Действительно, Россия пришла здесь не в контексте мировой революции. Как пишет тот же Иоанн Шаховской, “не в гордом лике титана, насилующего и мучающего народы, но в смиренном и униженном виде странника Христа, “не имеющего, где приклонить голову”. “Но когда душа этого народа со Христом принесёт жертву умилостивления”, “он узрит потомство долговечное и воля Господня благоуспешно будет исполняться рукою Его”. Со Христом страдающий, со Христом и прославится и получит часть между великими и с сильными будет делить добычу, за то, что предал душу свою на смерть и к злодеям сопричтён был, тогда как он понёс на себе не только свой грех, но и грех многих”.

Это проповедь на пророка Исаию (“Восток имя ему”), но эта проповедь для того времени – самая злободневная.

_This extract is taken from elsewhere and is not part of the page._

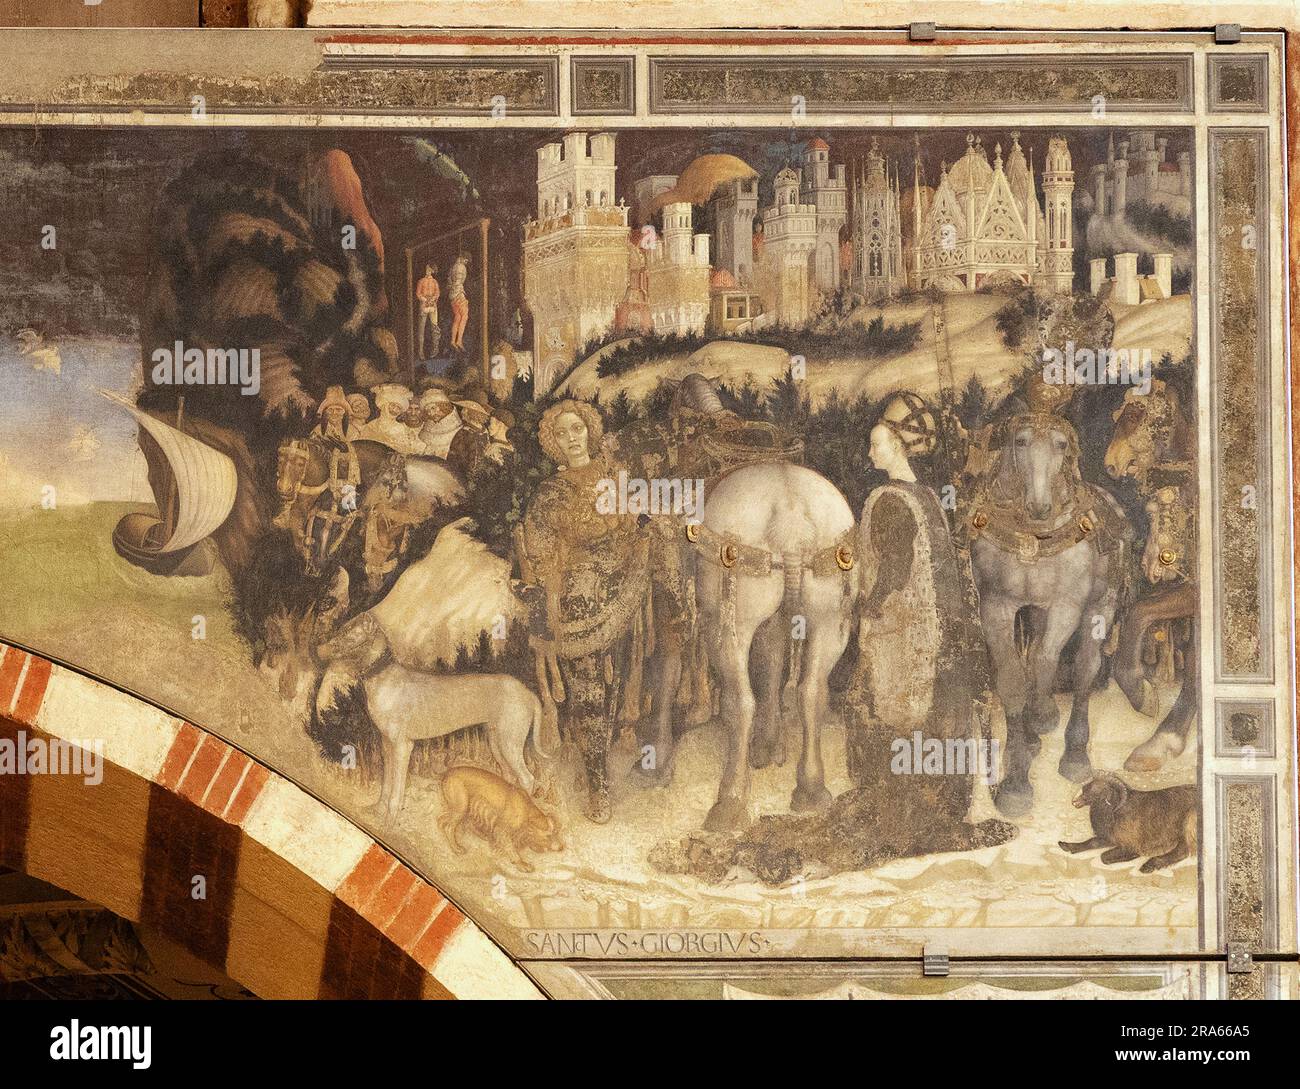 Details von der rechten Seite der Pisanello-Gemälde von St. George und der Prinzessin, 1433-1438; Pellegrini-Kapelle, Basilika der Heiligen Anastasia Verona Italien. Stockfoto

На груди этих людей был четырёхугольник – голубое поле и на нём белые буквы “OST” – “восток”. Иоанн Шаховской так и пишет – “я так и озаглавил послание “Восток имя ему” – “Венчальная песнь” (из чина венчания) — ликуй, се Дева зачне во чреве и роди Сына Эммануила, Бога же и Человека – Восток имя Ему”.

Настоящее осмысление тех событий пришло позже, даже для самых чутких. Но вот это, эти строки были сказаны тогда же, и в это время поэзия и проповедь начинают сливаться. Именно этих лет проповеди Иоанна Шаховского достигают небывалой высоты и насыщенности. Другая его проповедь “Свеча”.

Берлин в эти дни обращался в развалины – это уже 1943 год, Берлин как символ той самой мощи, которую он звал в июне 1941-го, стал главной мишенью союзных самолётов.

“Ночью, над улицами, погруженными во тьму, появлялся инфернальный свет “ёлок смерти”, которые зажигались передовым отрядом атакующих эскадрилий.

В нашем храме установилось такое правило: если богослужение ещё не началось, когда раздавалась воздушная тревога, мы шли в бомбоубежище. Иначе, мы службу церковную продолжали до конца, но советовали молящимся идти в бомбоубежище. Половина уходила из храма, а оставшиеся придвигались к алтарю, и эта молитва во время бомбардировок была самая яркая молитва Церкви – человек тут был на грани настоящего мира” (курсив автора – В.Е.).

В ноябре 1943 года Иоанн Шаховской обращается к пастве с такими словами: “Что ни делает Господь, Он всегда милует нас, благодетельствует всегда нашему внутреннему человеку. Он заботится о сокровищах нашей вечной жизни, когда подвергает опасности и смертям земной наш дом, эту “хижину”, которая “разрушится” (ср. 2 Кор.5;1).

Свечу мы ставим в нашем храме, ставим Отцу, в руке Которого наша жизнь. От этой осиянной свечи загорается весь окружающий мир (а перед этим он пишет, что свечой может стать и ваш горящий дом – В.Е.). Вы приходите, вы видите, как пылает ваше тленное имущество, как огонь поднимается к небу, и вы говорите Господу – приими свечу мою.

Мы ее ставим на всех путях своих: горят города в бескрайних просторах земли; море огня поднимается к небу. Господи! Да будет это свечой, Тебе возженной, в покаяние за беззакония наши. Горят наши дома – свечи наши загораются пред Богом, как молитва покаяния и благодарения. Загорается уже пред небом наша свеча, горит наше жилище человеческое – одна из палаток наших страннических, и несётся пламень к небу. Это свеча, благословенная наша свеча, приносимая ангелами за нас Отцу света и вечности” (“Город в огне”, 1943 — 1960).

Примерно с 1941 года, когда Вторая мировая война вступила в свой решительный фазис, когда две антихристианские силы в каком-то непонятном безумии бросились друг на друга и начали друг друга уничтожать — и вот в этом уничтожении начали высвобождаться человеческие души.

И, начиная с 1943 года надо было ждать чего-то нового и для России и для всего мира.

[1] Действительно, в это время плодятся, как грибы, уже русские нацистские организации, но преимущественно в Берлине.

[2] Г.К. Жуков “Воспоминания”, 1974 год.